Assignment:
Below this line is a listing that includes pictures. Copy exactly, and only, the lines from the one containing "韩国购物网站促销广告banner设计欣赏0103" through the one containing "Regent Quarzuhr Regent"; the pictures do not go in the copy.

Input material:
--- START ---

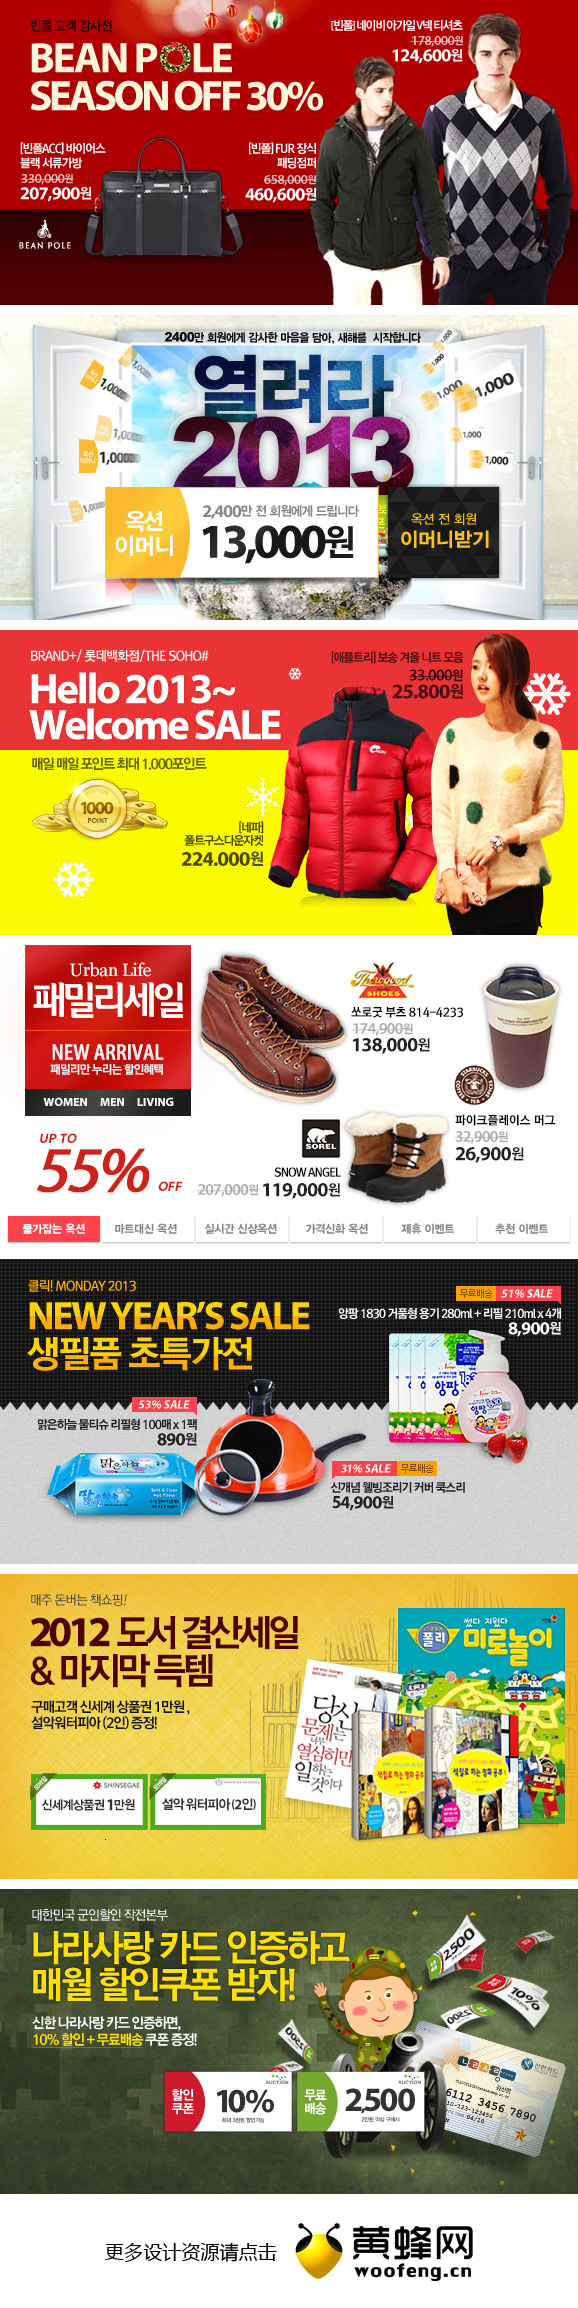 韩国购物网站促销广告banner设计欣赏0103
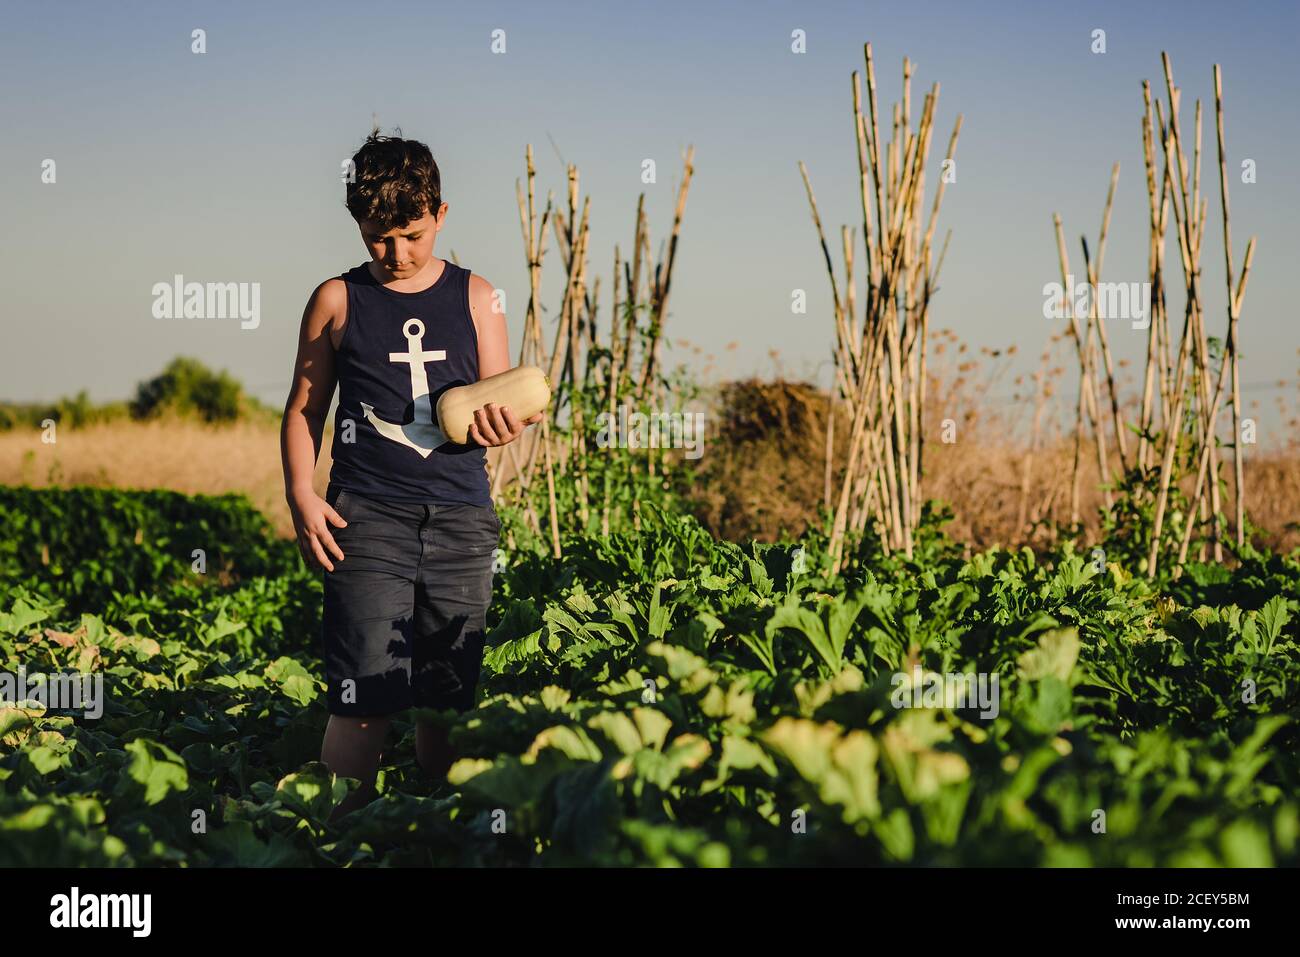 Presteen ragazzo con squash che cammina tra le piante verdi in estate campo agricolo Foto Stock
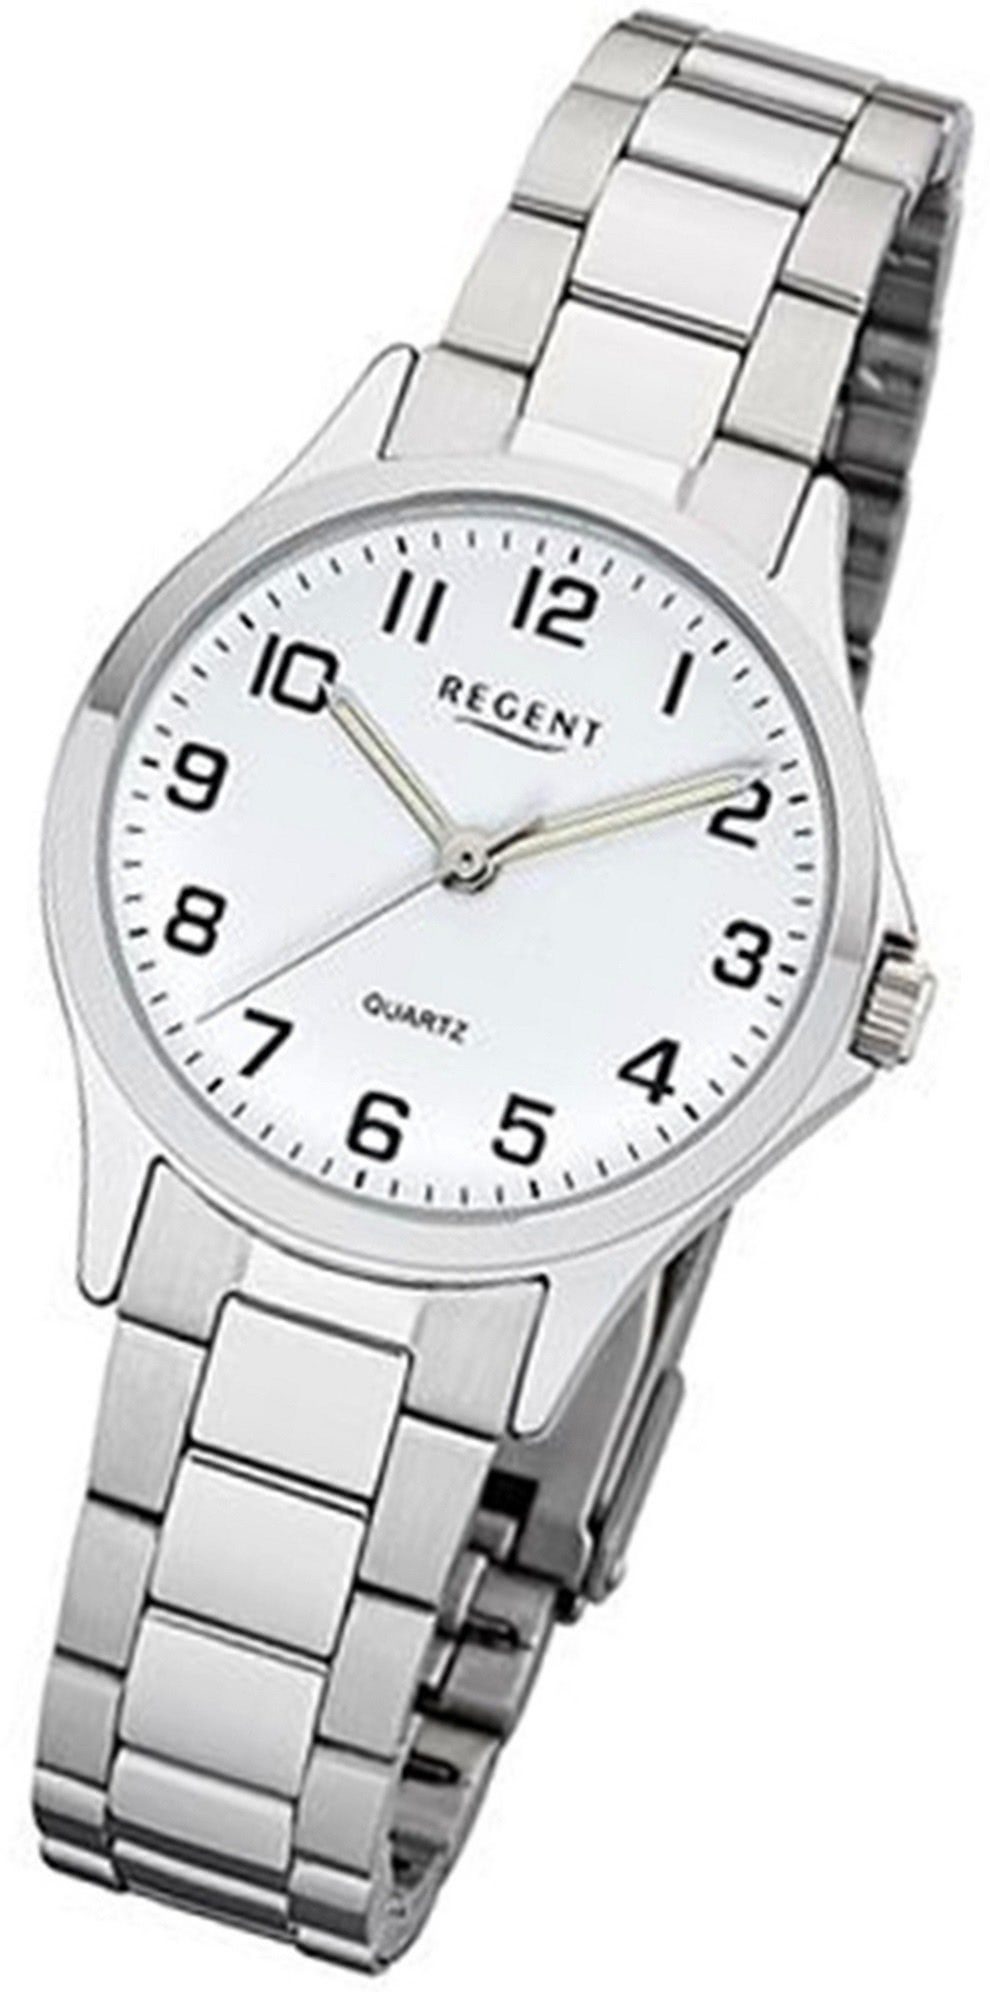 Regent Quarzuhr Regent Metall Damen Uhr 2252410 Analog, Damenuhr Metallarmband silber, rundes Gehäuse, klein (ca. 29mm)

--- END ---
--- START ---

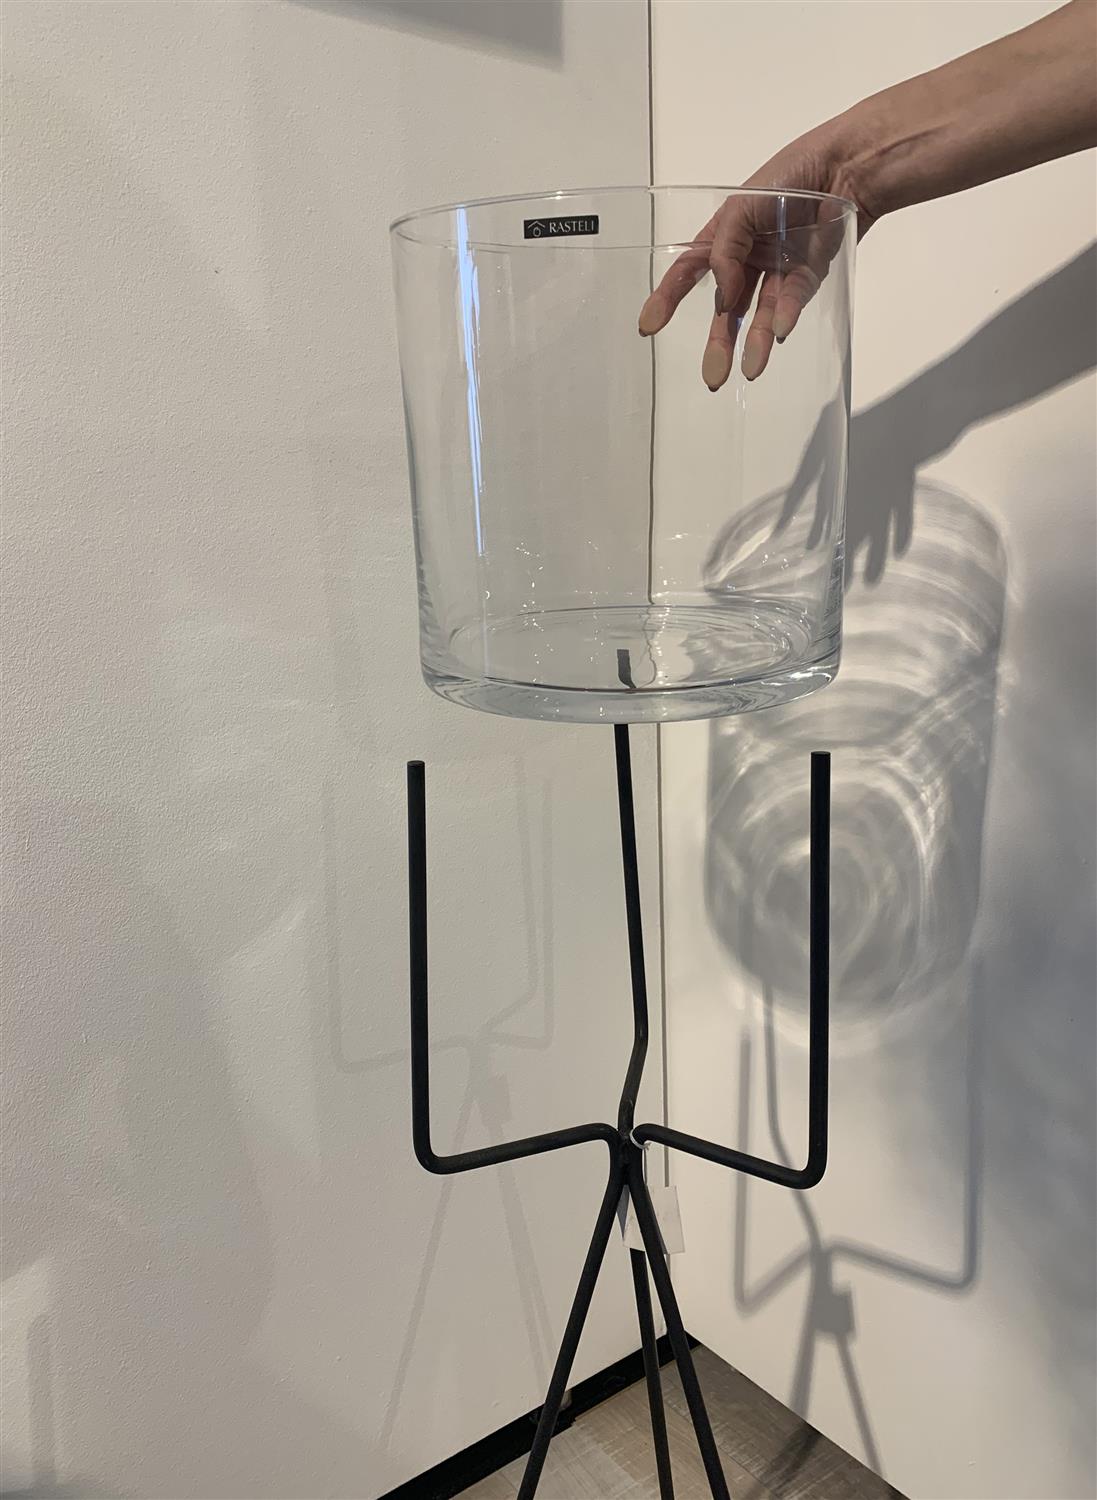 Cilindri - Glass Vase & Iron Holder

--- END ---

Response to the exercise:
 韩国购物网站促销广告banner设计欣赏0103
 Presteen ragazzo con squash che cammina tra le piante verdi in estate campo agricolo Foto Stock
 Regent Quarzuhr Regent Metall Damen Uhr 2252410 Analog, Damenuhr Metallarmband silber, rundes Gehäuse, klein (ca. 29mm)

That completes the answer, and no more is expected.